The first half of barrish comes to a close with ten simultaneous duets. It is the only time the entire extended-cast takes the stage. The ever-present Ives is, again, positioned in the center, while the dancers around her engage in a choreographed series of kissing, groping, and weight catching. The pairs interrupt their making out with standard modern dance movement: rolling over each other’s backs, piggyback rides, and some awkward slow dancing. Impressive for the sheer coordination of many bodies, the duets fail to provide a dramatic continuity that matches the over-the-top excitement of the rest of the show.

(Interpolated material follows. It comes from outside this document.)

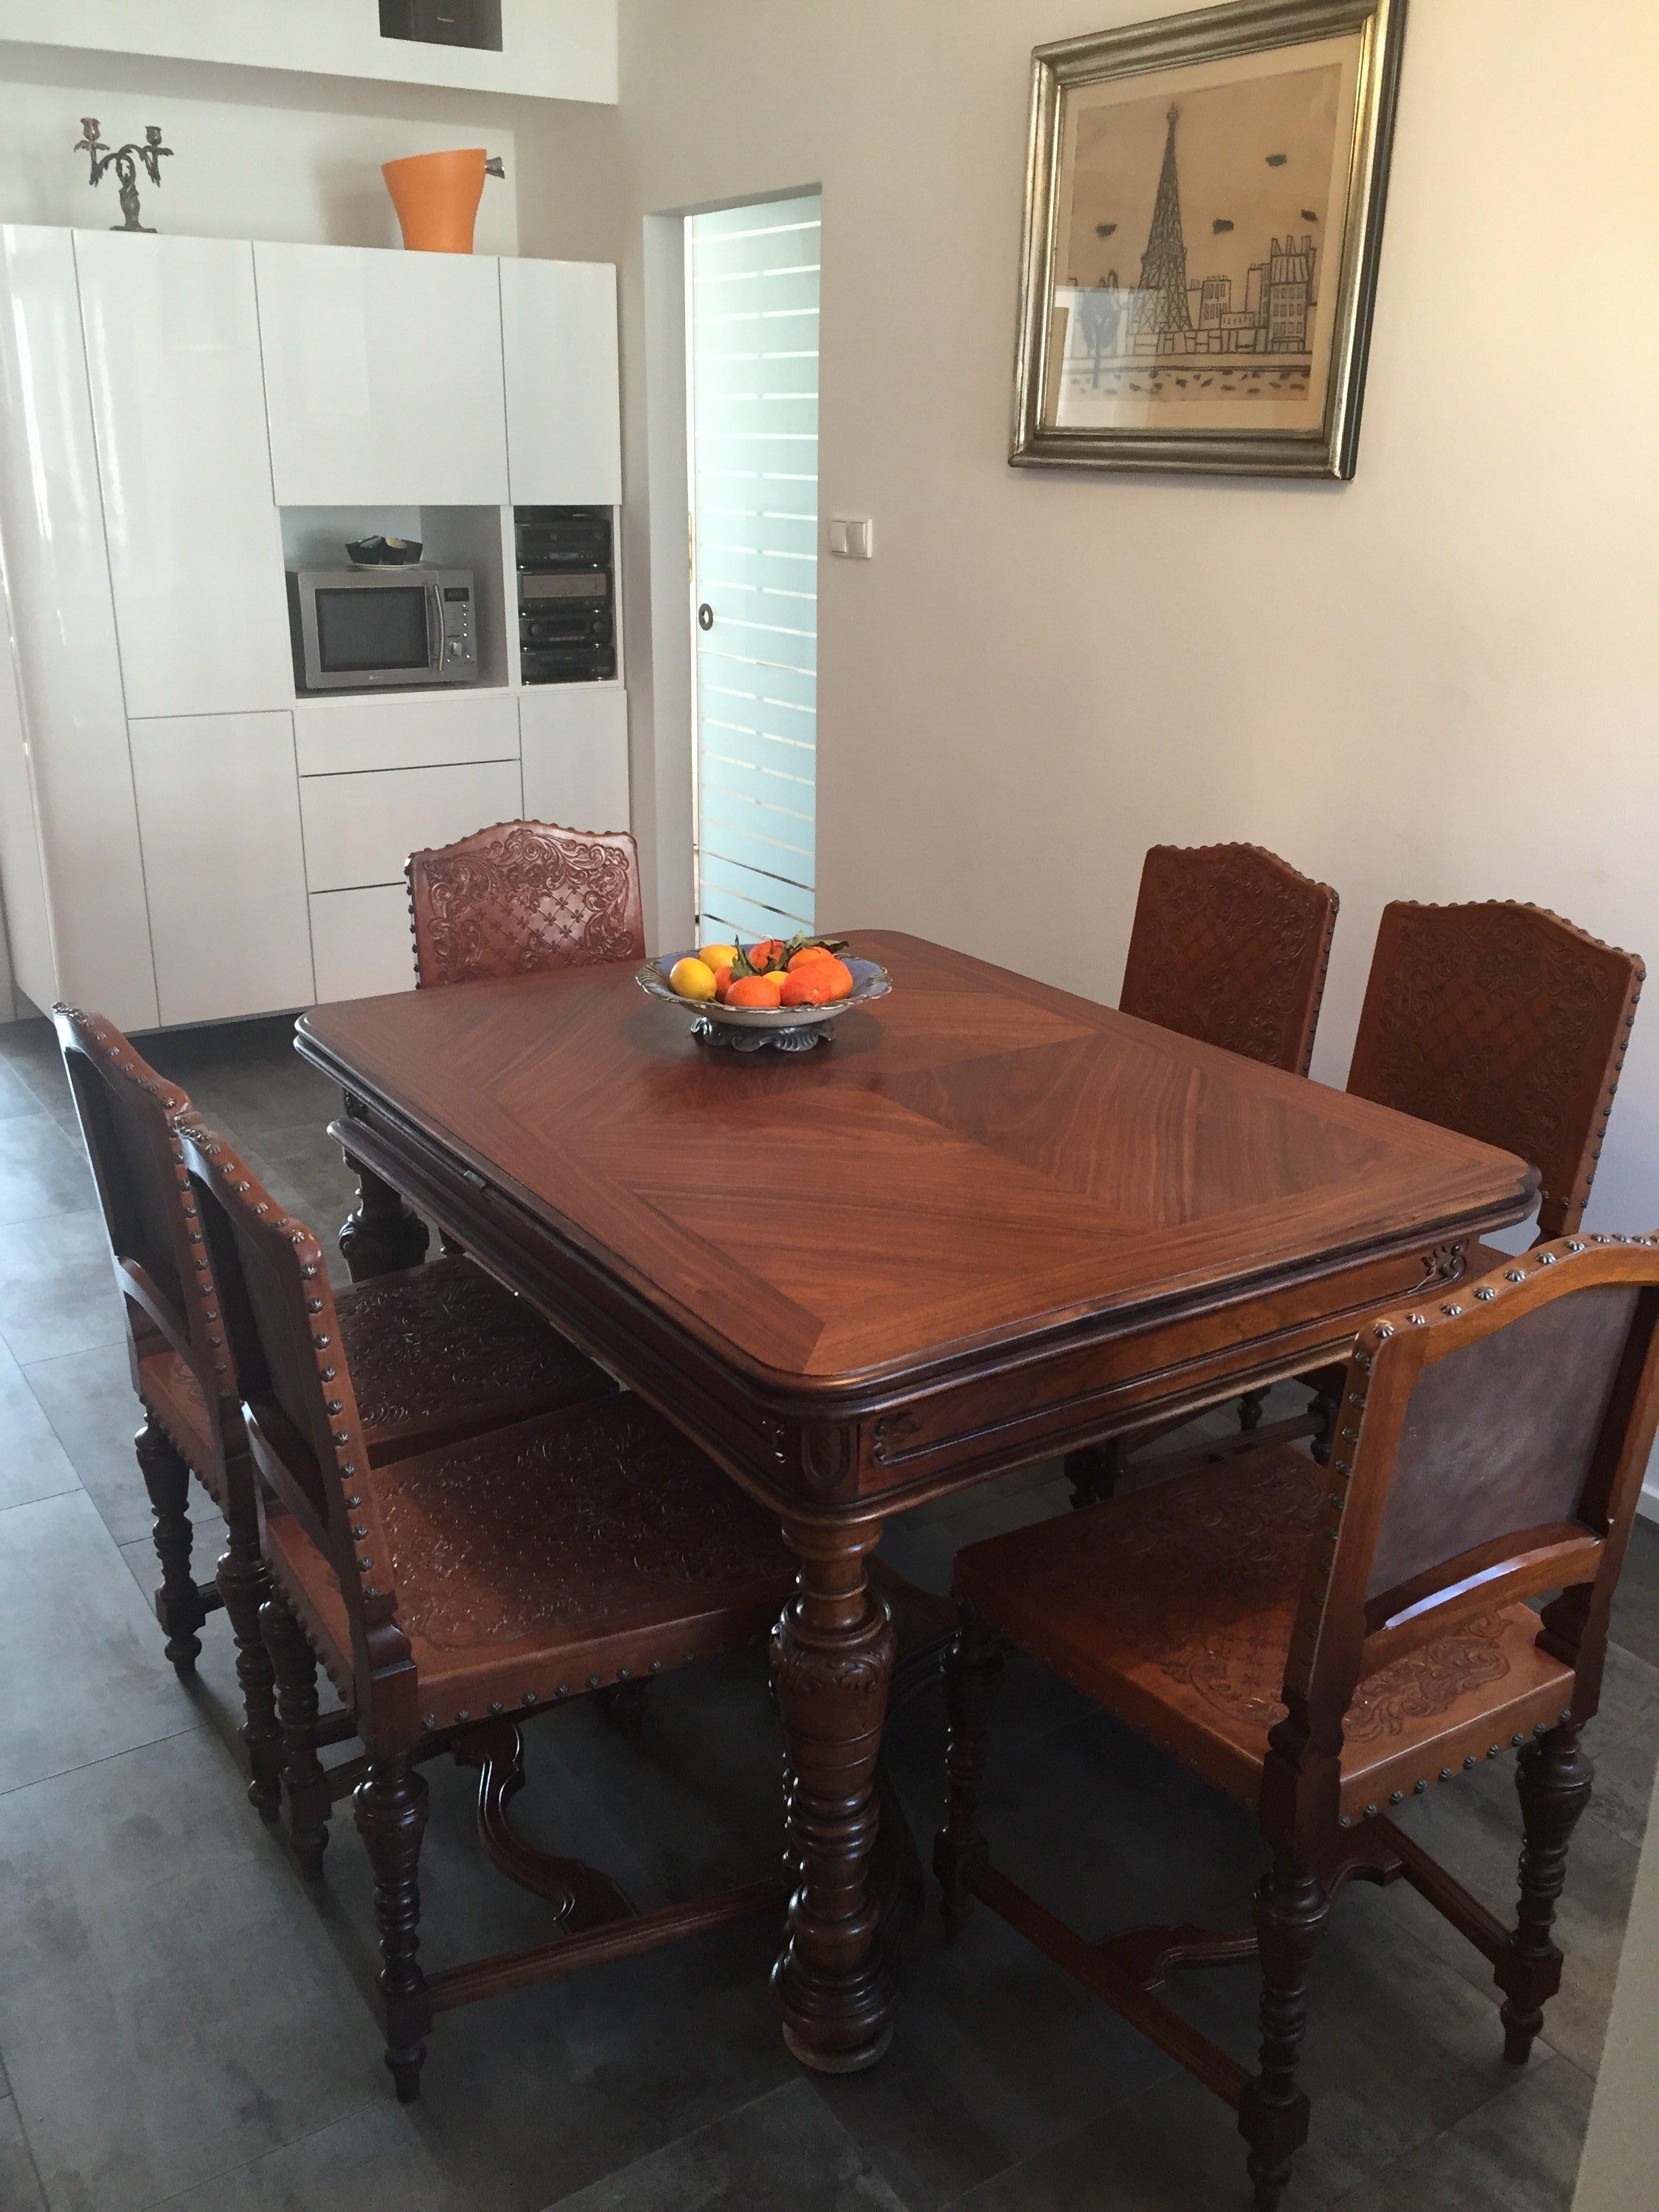 Kuchyňská linka v bílém vysokém lesku doplněná masivní pracovní deskou. V kuchyni je umístěn námi renovovaný starožitný stůl s židlemi a konferenční stolek.

L to R: Emily Skillings, Anna Adams Stark, Lillie De, and Leah Ives in barrish; choreography by Sarah A.O .Rosner;
Photo © Paula Court

Duet play returns frequently in the second half of the evening. At one point, Skillings and Stark become so intertwined that they literally sew the front of their shirts together with a red thread. This moment of togetherness is dismantled when the two women lean away from each other allowing the thread to rip their shirts apart.

In barrish we are ping- ponged from blunt emotional force to absolute stillness. The pattern of building things up just to break them down is both compelling and exhausting. In the performers, I see the fatigue of their continuous emotional and physical outpouring. In the audience, I see confusion and the anxious wonder of, “What’s coming next?” This continues through to the final moment, when the entire cast ,assembled on stage and seemingly ready for a curtain call, is  ambushed by a completely naked couple- Sarah McSherry and Woody Leslie - who dive into the center of the group in ,again, an intense make-out session. Whoa.

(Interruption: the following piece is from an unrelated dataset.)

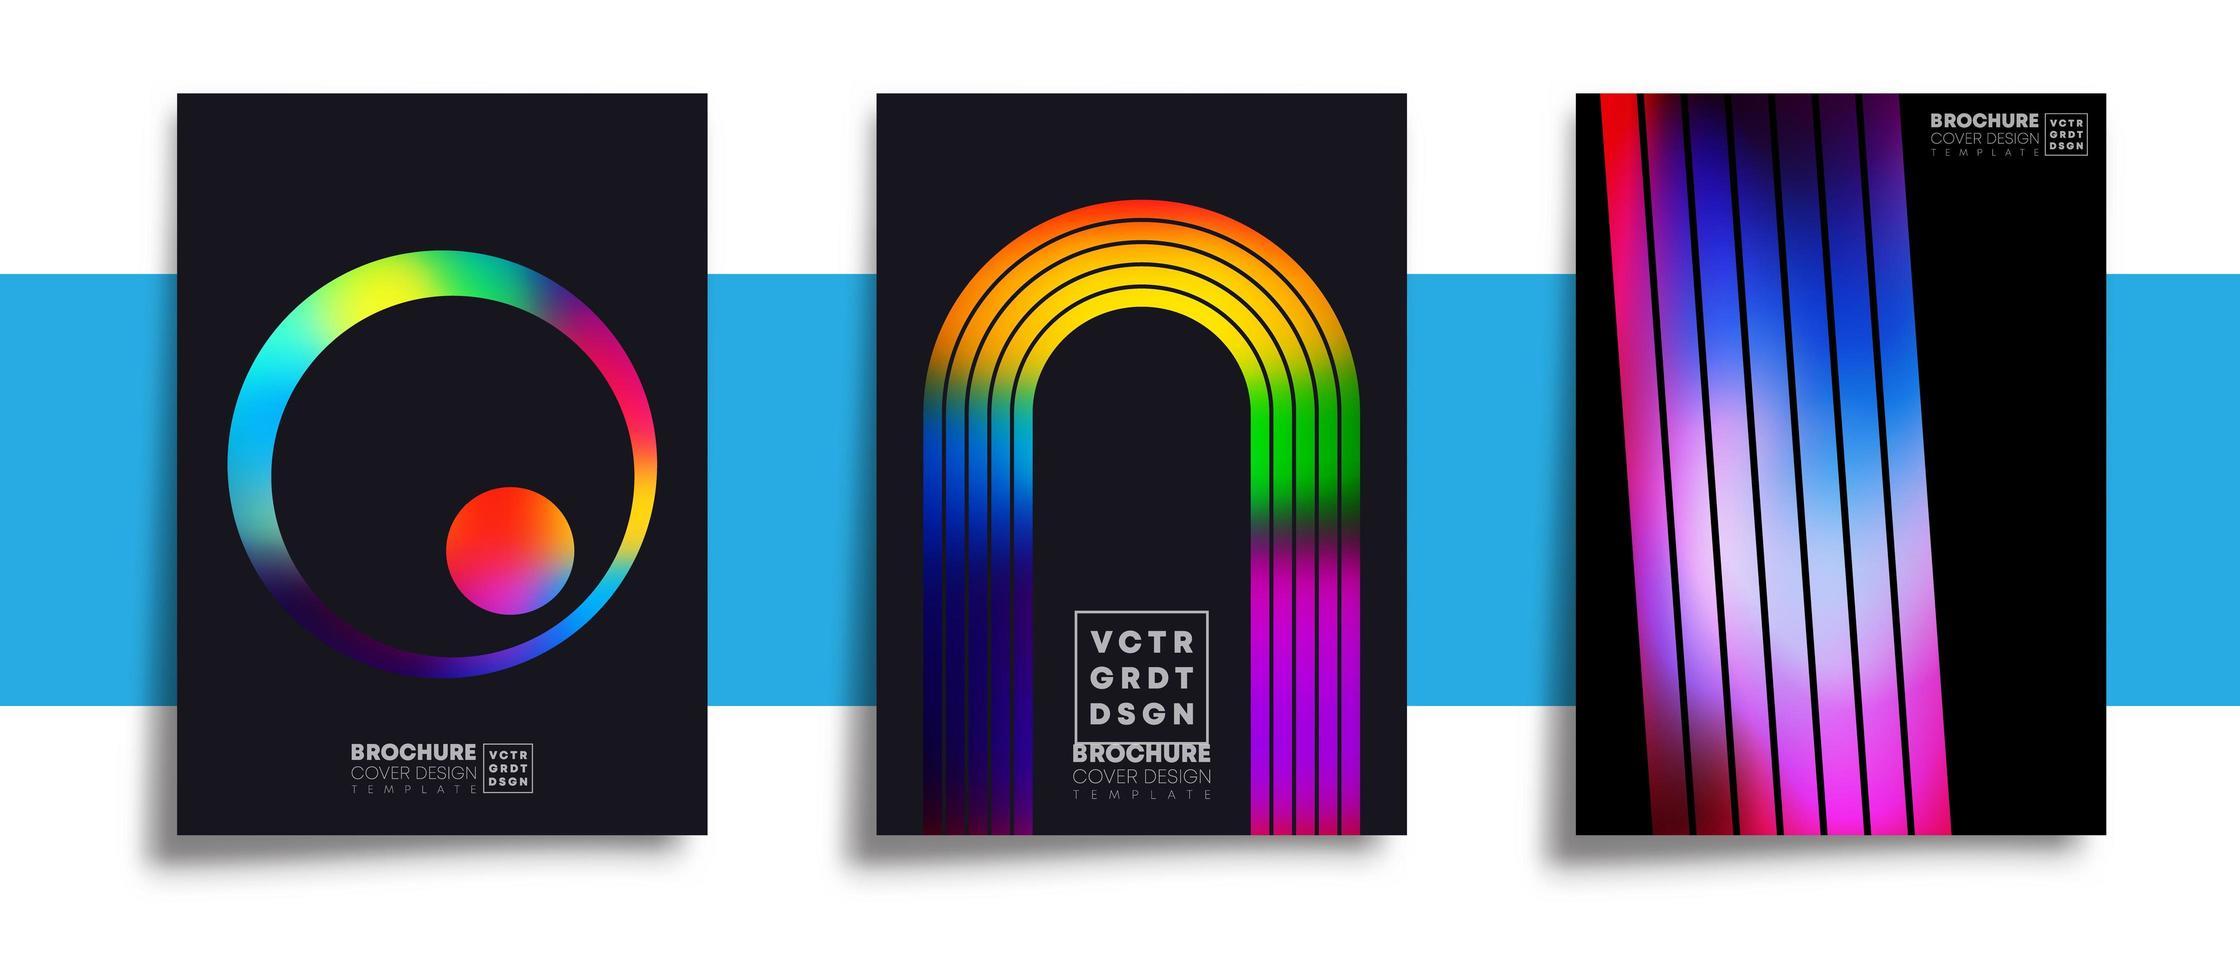 uppsättning abstrakta flerfärgade affischbakgrunder vektor

L to R: Anna Adams Stark and Leah Ives;in barrish; choreography by Sarah A.O .Rosner;
Photo © Paula Court

Rosner’s provocative and well- crafted dances embrace the culture of New York’s downtown dancer in 2012; hipsters that believe in creativity at all costs. We live in Brooklyn. We have performances in loft spaces and friend’s bars. We spend too much money on coffee and spend all of our time thinking about how to make dances, with or without that money.

As an artist and a producer Sarah Rosner is searching for new ways to sustain this art and create work worthy of sustainability; and, I am saving my coffee money for tickets to her next performance.